Dobbs argued that the Federal Constitution does not guarantee a substantive right to abortion following due process, thereby undermining the basis for the district court’s injunction. As a result, the Eleventh Circuit found that plaintiffs’ arguments challenging LIFE on these grounds were no longer substantiated. The plaintiffs had also argued that LIFE’s definition of “natural persons” was unconstitutionally vague and would produce a chilling effect on health care providers when providing medical care to their pregnant patients on the basis of possible criminal sanctions. for the provision of routine obstetric and gynecological care. But the Eleventh Circuit also rejected those arguments, finding that a person of “reasonable intelligence” could discern the “fundamental meaning” of the Georgian provision, which is to “broaden the definition of person to include unborn humans.” who are carried in the womb of their mother at any stage of development.” As a result, LIFE’s constitutional challenges failed on both grounds, and LIFE should take effect immediately.

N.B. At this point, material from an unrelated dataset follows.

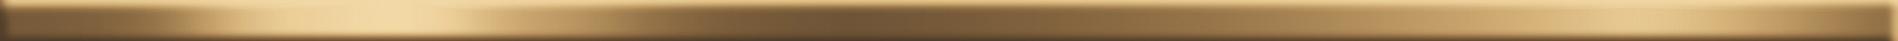 Купить Керамическая плитка AltaСera Lantana Tenor Gold BW0TNR09 бордюр 1, 3x60, Россия
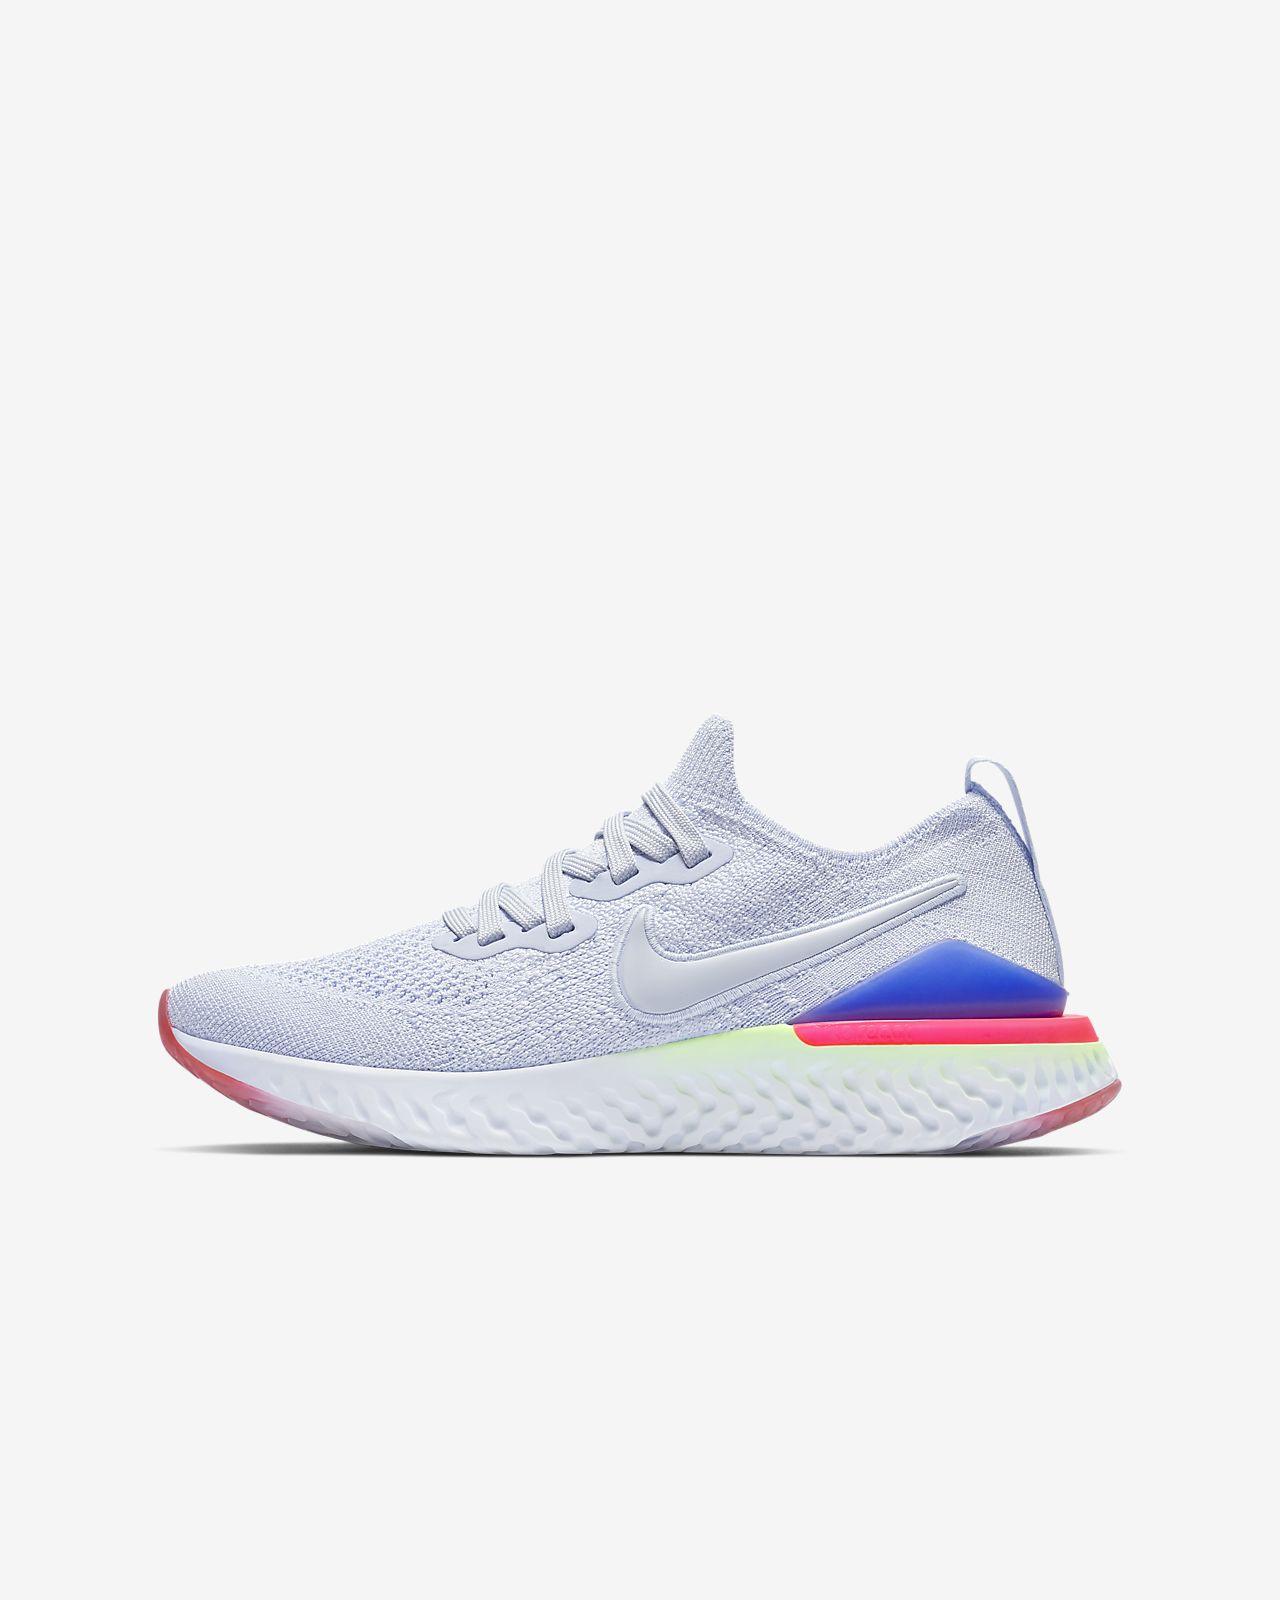 95c758de2703 Nike Epic React Flyknit 2 Older Kids  Running Shoe. Nike.com CA

Deceptive practices of VPN providers targeted by congressional Democrats following the Dobbs Decision
In a July 13 letter to the Federal Trade Commission (“FTC”), California Representative Anna Eshoo and Oregon Senator Ron Wyden raised concerns that people using a private network virtual network (“VPN”) may not be as secure as they think against hackers, businesses, government agencies and others, given the opacity of the VPN industry and the high prevalence of VPN providers engaging in practices advertising and misleading data collection. Specifically, lawmakers have asked the FTC to regulate VPN providers, whose current advertising practices make it difficult for individuals to know which VPN providers they can trust. Rep. Eshoo and Senator Wyden cited studies suggesting that VPN providers overstate the protections they provide and store user data despite the fact that they don’t, and found that twelve out of sixteen VPN providers VPNs examined in the study actively misrepresent their products. These deceptive practices give women using a VPN to seek abortions or other reproductive health services a false sense of security. The FTC publicly stated on its blog on July 11 that it would “vigorously” enforce the law whenever it uncovers illegal behavior exploiting a user’s location, health, or other sensitive data.